The Jurassic interval covers Section 4 entirely (Fig. 5). Carter et al (2003) interpretes thicker Jurassic interval in the Calder Graben, in southeast and thinner unit in the northwest. The fault pattern in Section 4 has indicated that the faults have created a local depression in Calder Graben and generating an accommodation space for the Jurassic unit. The faults work in a similar way for the overlain Cretaceous unit. In the south of the Northern Abadi High, the Cretaceous unit is about 1.5 msec TWT and in the north of the high it changes to < 0.5 sec. TWT.
Above the Cretaceous unit, the Cenozoic interval covers the entire Section 4. The Cretaceous interval is gradually getting thicker towards the trough. In the SE of the section, the thickness of this unit is about 1.2 sec. TWT and is changing to 2 sec. TWT in the centre of the trough.
Figure 7. Stratigraphy of West Timor (Charlton, 2006) and Bonaparte Basin (Edwards et al, 2004)as reference for the stratigraphy of the Timor-TanimbarTrough
A detail section of the regional section in Figure 6A is published by Roberts et al (2011), shown in Figure 6B. The interpretation of this section is based on the horizons used in Figure 3, where both have similar section of the Australian shelf. The interpretation of this section is started with Permian unit which underlain the SE part of the section. The overlain Triassic unit has poor seismic reflectors in the ESE part of the section.
An insignificant thickness change is observed from Jurassic to Cretaceous interval as seen on Section 5. It is very clear in the section (Fig 6B) that the Australian Shelf goes below the Tanimbar accretionary complex. The Jurassic interval is about 0.3 to 0.5 sec. TWT and the Cretaceous interval is divided by Darwin and Turonian as displayed in Section 2.

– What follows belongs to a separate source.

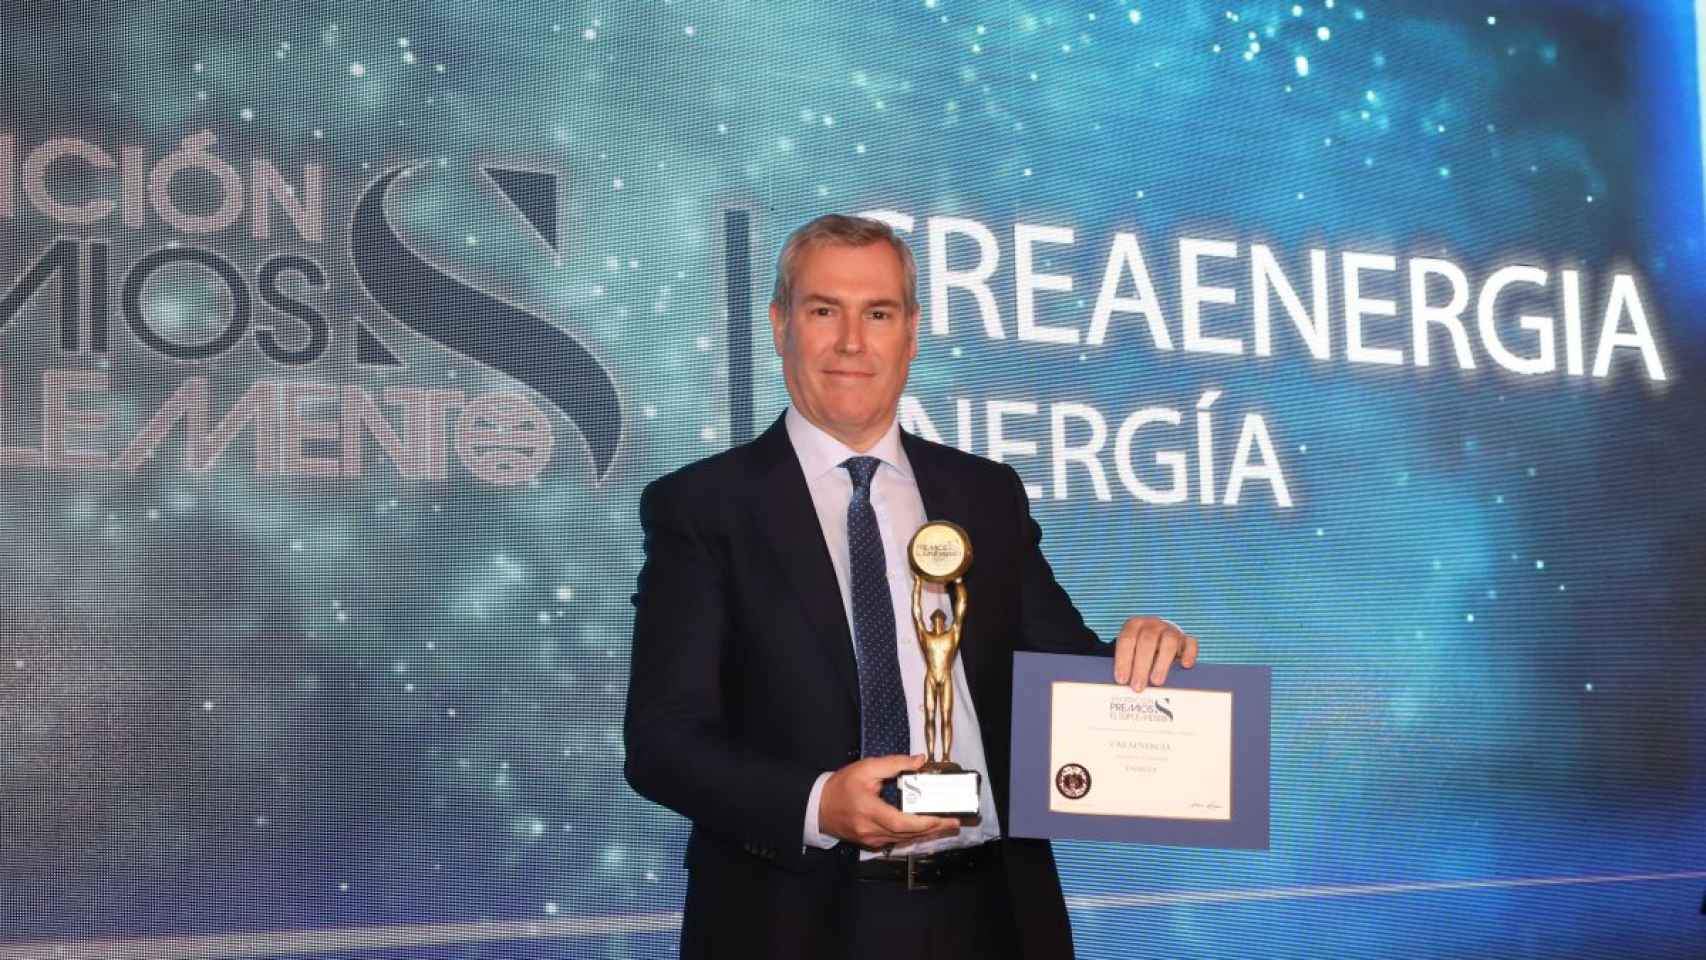 Emilio Rousaud, CEO de CreaEnergia en la gala de premios El Suplemento

The Timor-Tanimbar trough is bounded by the Banda Accretionary Wedge in the north with complex structures and poor reflectors. Seismic interpretation is hardly possible in this tectonic unit. The faults generate an irregular sea bottom surface.
In the south of the Timor Trough, thick sedimentary sequence above the stable Australian Plate is dipping to the north. Close to the trough, the sequence is cut by intensive fault system. Several faults go up to the surface and generate some sea bottom expressions. There are sea bottom terraces caused by major faults.
Towards the east, the orientation of the trough gradually swings to the north and commonly called as the Tanimbar Trough. Strike slip fault system developed at the northern end, close to Kai Islands.The trough becomes narrower and shallower compared to the Timor Trough.
The northward direction of Australian plate movement may cause the geometry of the trough system. In the south of this study area, the Australian plate moves almost perpendicular to the Asian plate margin. The collision formed the accretionary complex, Timor Island and Timor trough subsequently. To the north, the Australian plate movement direction is subparallel to the eastern edge of the Asian plate and this lateral movement formed the narrower Tanimbar trough with strike slip faults.
The author would like to thank Wayan Heru Young and Junida Rejeki Purba for reviewing this article.